Dans la généalogie fabuleuse de Charlemagne, on a vu que Beuve d'Antone descendait de Constantin au même degré que Pepin, père de Charles 925. Beuve eut trois fils, dont le second fut Sinibalde; et l'un des descendants de ce Sinibalde fut un certain Guérin de Durazzo, prince de Tarente, surnommé il Meschino (le malheureux ou le misérable), soit à cause des aventures de sa jeunesse, soit parce que Fioravante, l'un de ses aïeux, avait porté le même surnom. Ce Guérin fut le héros d'un ancien roman, soit français très-anciennement traduit en italien, soit italien traduit en très-vieux français. Le succès qu'il avait eu en prose italienne, où il avait été réimprimé plusieurs fois, engagea Tullie d'Aragon, femme poëte, alors très-célèbre, à le mettre en vers 926. J'ai dit précédemment ce qui m'a paru de plus vraisemblable sur le roman, où l'on a prétendu que le Dante avait pu prendre en partie l'idée de son Enfer 927; j'ajouterai ici quelque chose sur le poëme et sur son auteur; et c'est par-là que je terminerai cette longue série de poëmes relatifs à Charlemagne, à ses paladins, à leurs familles, et aux Sarrazins ses ennemis.

Note 925: (retour) Voyez ci-dessus, p. 167.
Note 926: (retour) Elle assure dans son Avis aux lecteurs qu'elle l'a versifié d'après un livre écrit en langue espagnole; mais il serait singulier qu'elle ne connût que cette traduction, tandis que le roman italien, imprimé dès 1473, réimprimé trois fois avant la fin du quinzième siècle, et plusieurs fois encore dans le seizième, devait être moins rare en Italie qu'une traduction espagnole.
Note 927: (retour) Voyez t. II de cette Hist. littér., p. 24, 25 et 26.

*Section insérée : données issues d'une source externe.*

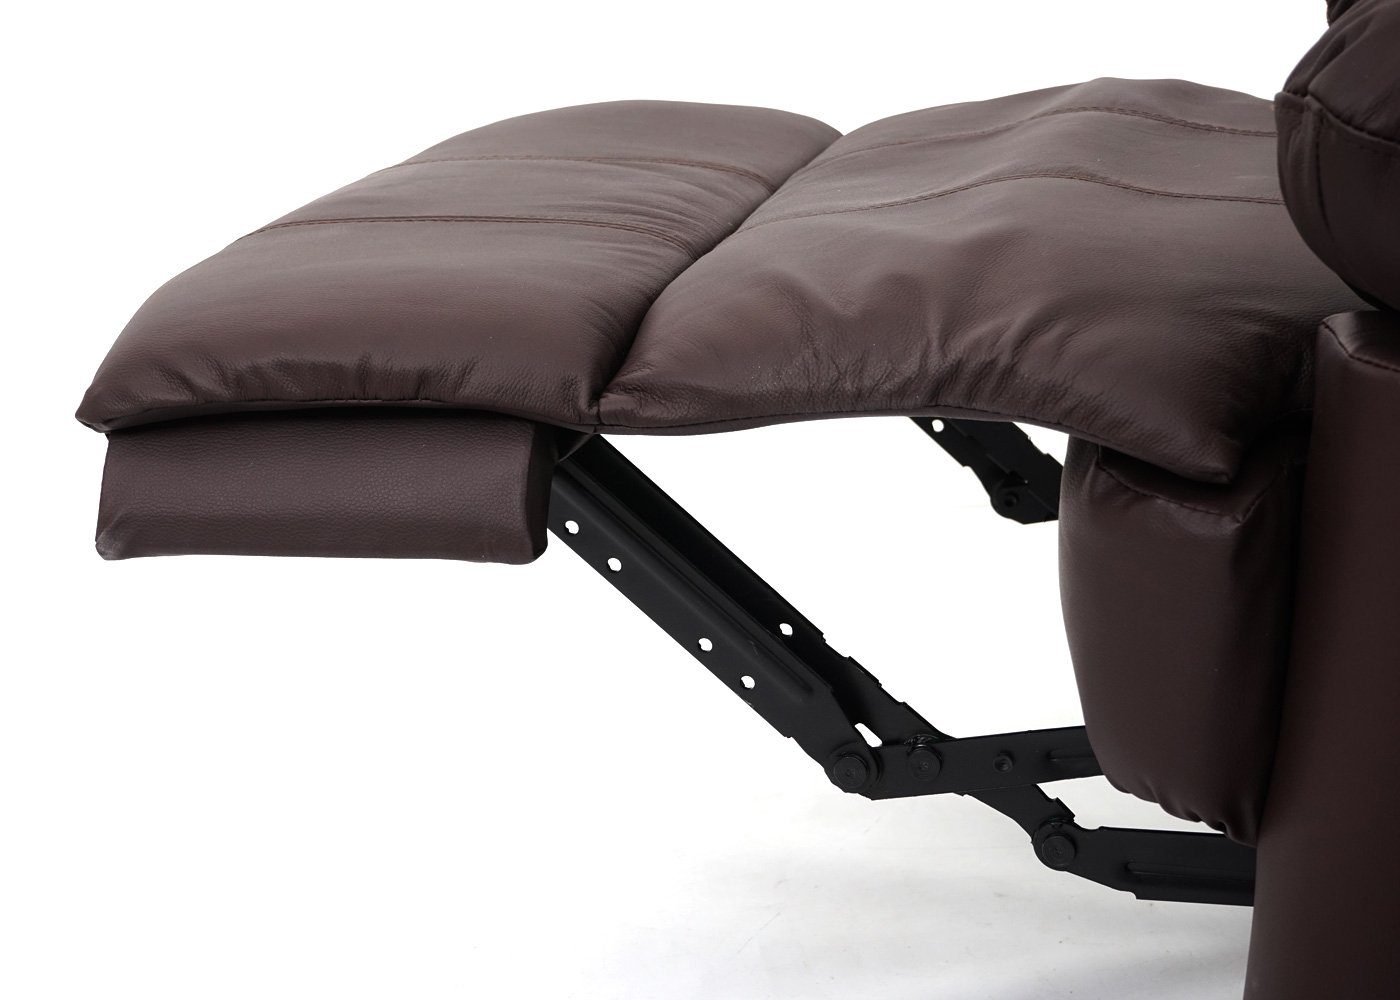 MCW TV-Sessel cm, Liegefläche: verstellbar, Rückenfläche, Liegefunktion 165 Fußstütze braun MCW-G15, Verstellbare

Tullie d'Aragon porta toute sa vie avec orgueil ce nom illustre, quoiqu'il lui rappelât une naissance illégitime, dont on ne croirait pas que l'orgueil pût tirer parti. La fille naturelle d'un archevêque, d'un cardinal avait sans doute des préjugés contre elle dans le monde, mais ce cardinal était d'une maison qui avait régné à Naples, qui régnait encore en Espagne, et dès-lors d'autres préjugés combattaient et faisaient taire les premiers. Le cardinal Tagliavia d'Aragon, archevêque de Palerme, père de Tullie 928, lui assura deux grands biens, une éducation très-cultivée et une fortune indépendante. La nature avait plus fait encore en lui donnant tout ce que l'esprit, la grâce et la beauté réunis ont d'attrait et de puissance. Elle paraissait toujours avec un éclat de parure qui relevait encore ses dons naturels; sa voix, son chant, son entretien, ses poésies achevaient le charme; et l'historien le plus sage 929 ne nie pas que si cette fille de l'amour en alluma souvent la flamme dans les autres, il n'y ait eu, pour son propre compte, quelque chose à lui reprocher. A Rome, où elle habita plusieurs années, elle tenait une espèce de cour; on y voyait des littérateurs, des poëtes, des prélats, des cardinaux; et ses galanteries furent si publiques, qu'à son départ pour Bologne, le mordant Pasquin lança contre elle les traits les plus piquants 930. Son ami le plus intime et le plus favorisé paraît avoir été le poëte Muzio, dont nous aurons plus d'une occasion de parler. A Bologne, à Ferrare, à Venise, sa vie fut à peu près la même 931; l'âge l'avertit enfin d'en changer. Elle se retira de bonne grâce, alla se fixer à Florence, sous la protection de la duchesse Éléonore de Tolède, femme de Cosme Ier., qui n'était encore que duc de Florence. Elle y vécut avec dignité, atteignit la vieillesse, et pour dernière faveur de la fortune, fut dispensée par la mort du malheur de la décrépitude.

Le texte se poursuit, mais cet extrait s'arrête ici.